# Chiller fees in downtown



## AVO (Jun 22, 2012)

Dear all,
I am getting conflicting information from various people, that buildings in downtown burj are chiller free or not?
can members pls advise, if tenants are paying chiller fees in this part of town for buildings such as lofts, south ridge , boulevard walk, centrans, standpoint etc.

would appreciate your assistance.

brgds


----------



## TallyHo (Aug 21, 2011)

If it's Emaar (then all of downtown proper around the mall including the Burj Views, Lofts, Residences and Boulevard Walk, the tenants do not pay chiller fees.
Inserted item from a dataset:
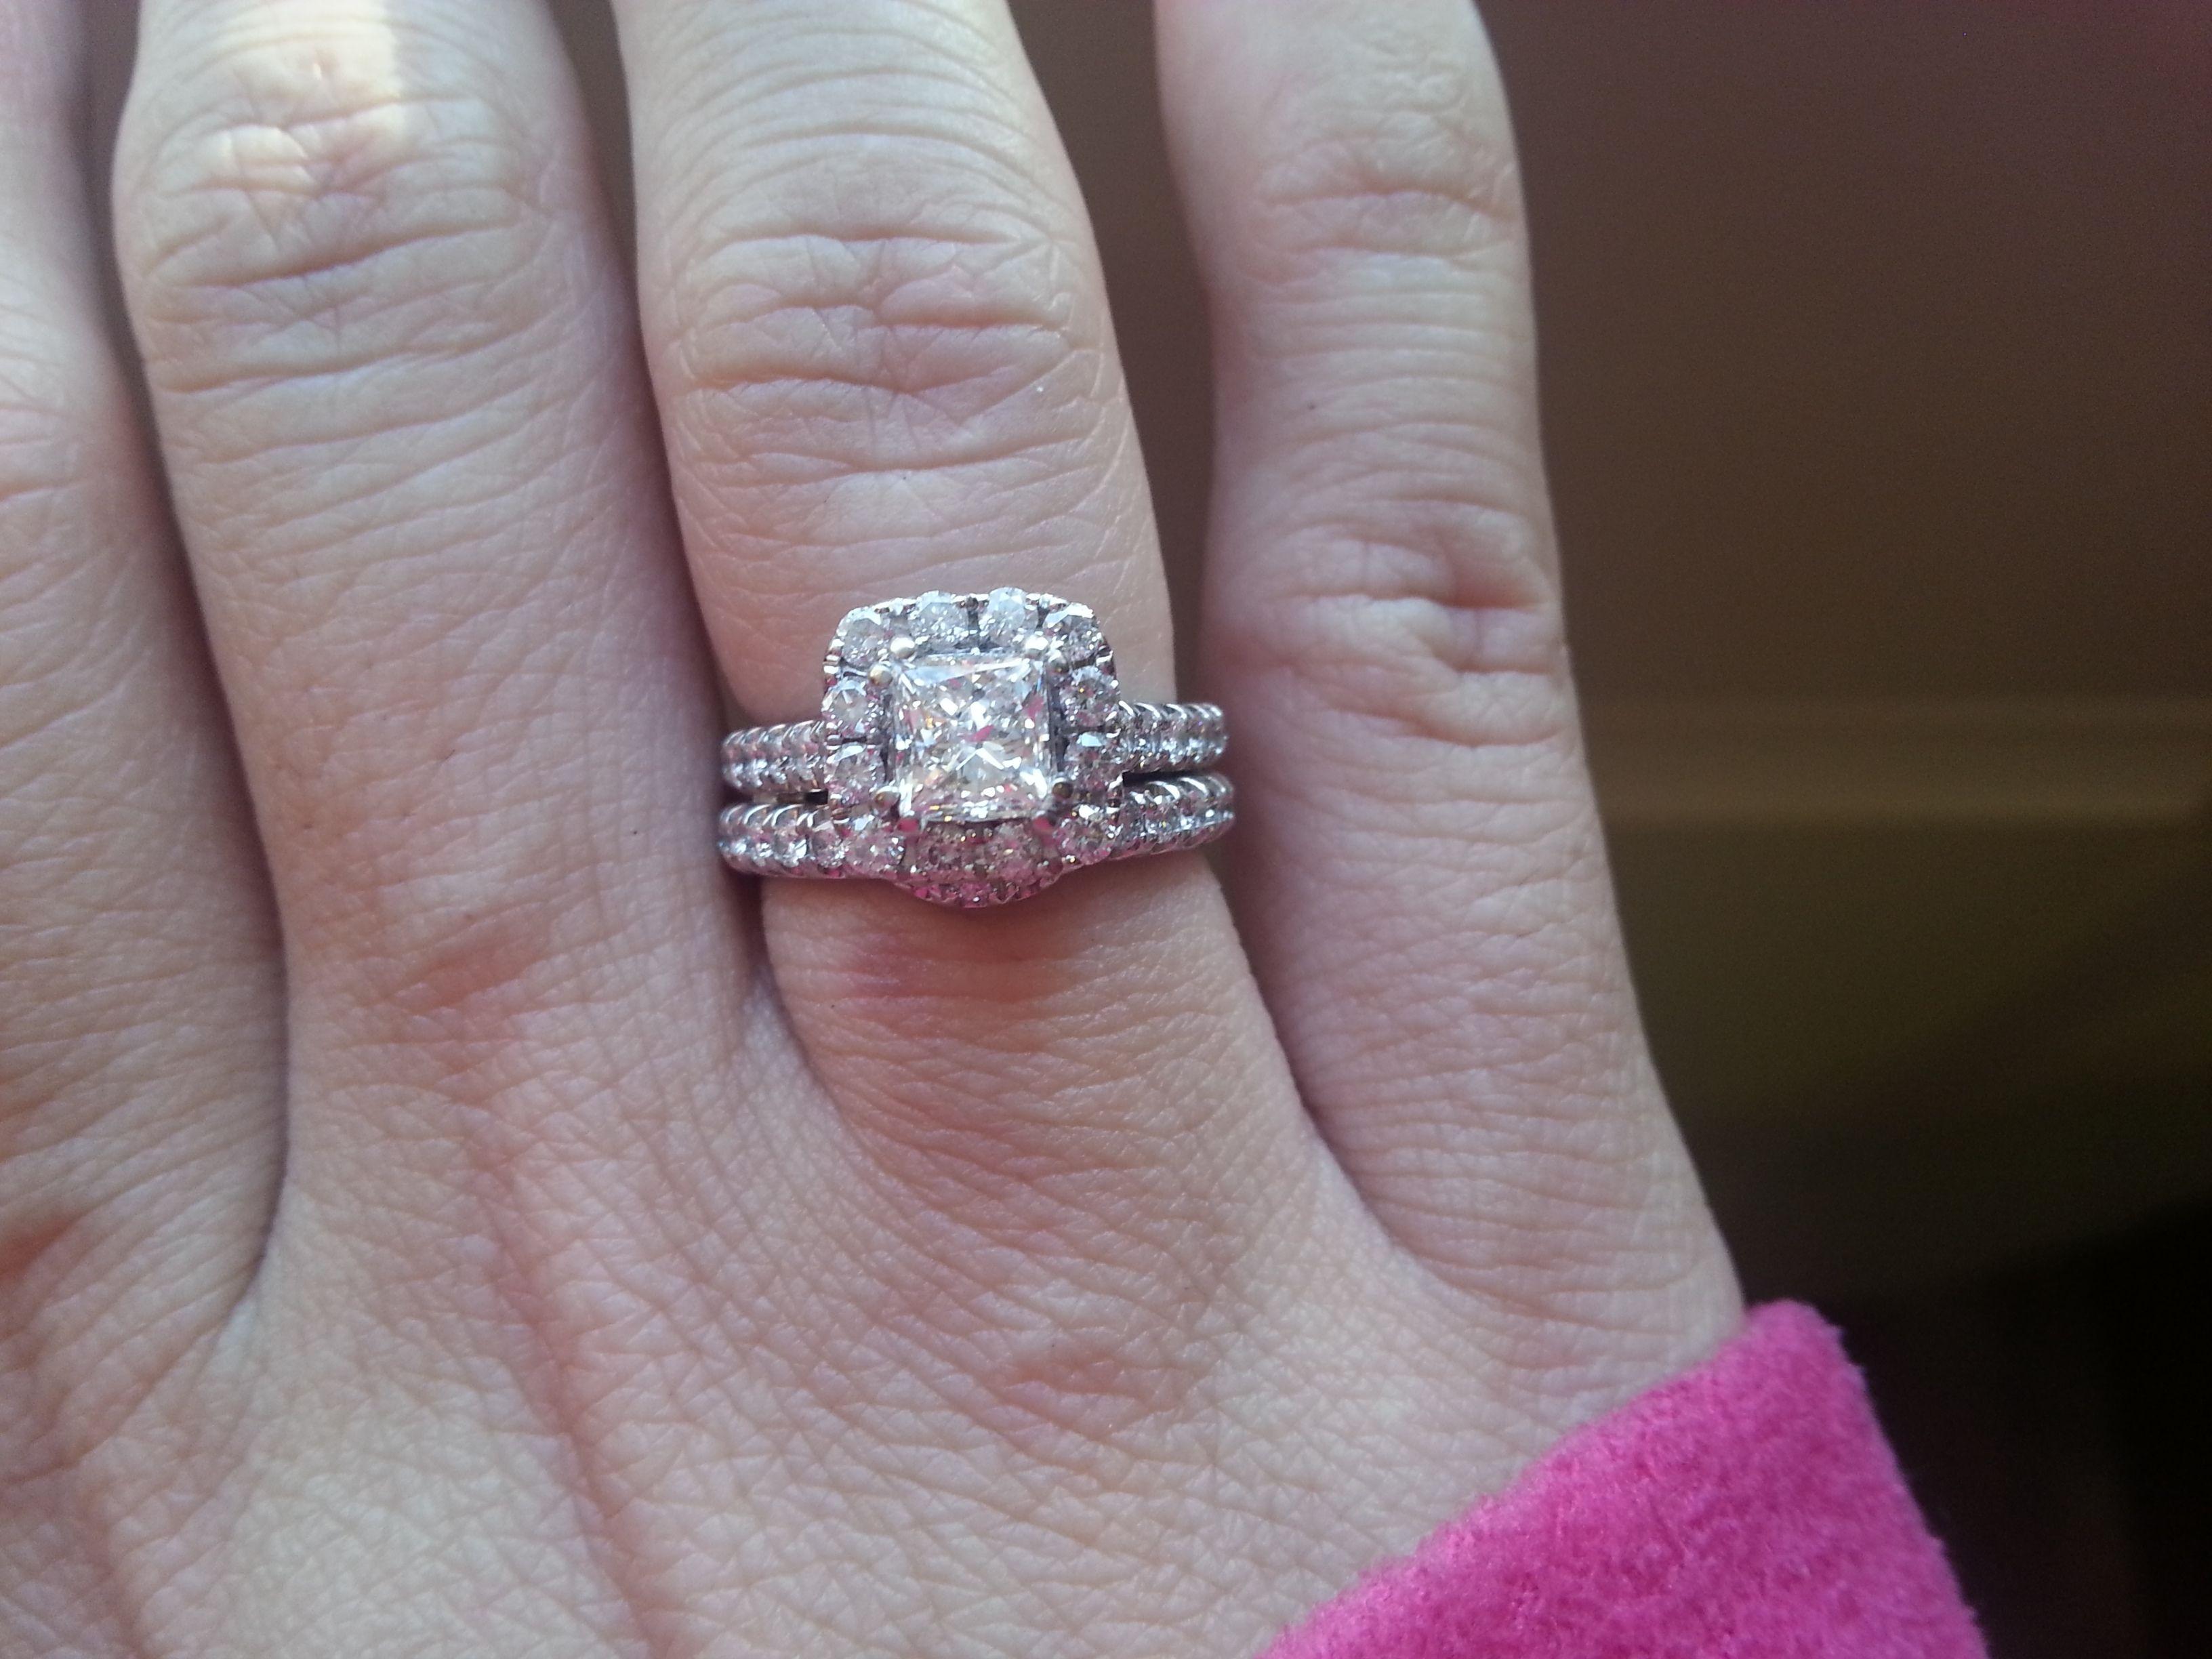 Half Carat Diamond Ring Value Ring Pinterest Diamond and Ring

If it's Business Bay (sometimes confused with downtown) then tenants do pay chiller fees.



AVO said:


> Dear all,
> I am getting conflicting information from various people, that buildings in downtown burj are chiller free or not?
> can members pls advise, if tenants are paying chiller fees in this part of town for buildings such as lofts, south ridge , boulevard walk, centrans, standpoint etc.
> 
> ...


----------



## AVO (Jun 22, 2012)

TallyHo said:


> If it's Emaar (then all of downtown proper around the mall including the Burj Views, Lofts, Residences and Boulevard Walk, the tenants do not pay chiller fees.
> 
> If it's Business Bay (sometimes confused with downtown) then tenants do pay chiller fees.



thanks tally,
that means executive towers 0 business bay , tenants have to pay chiller fees in addition to their bills ?

rgds


----------



## TallyHo (Aug 21, 2011)

Yes.



AVO said:


> thanks tally,
> that means executive towers 0 business bay , tenants have to pay chiller fees in addition to their bills ?
> 
> rgds


----------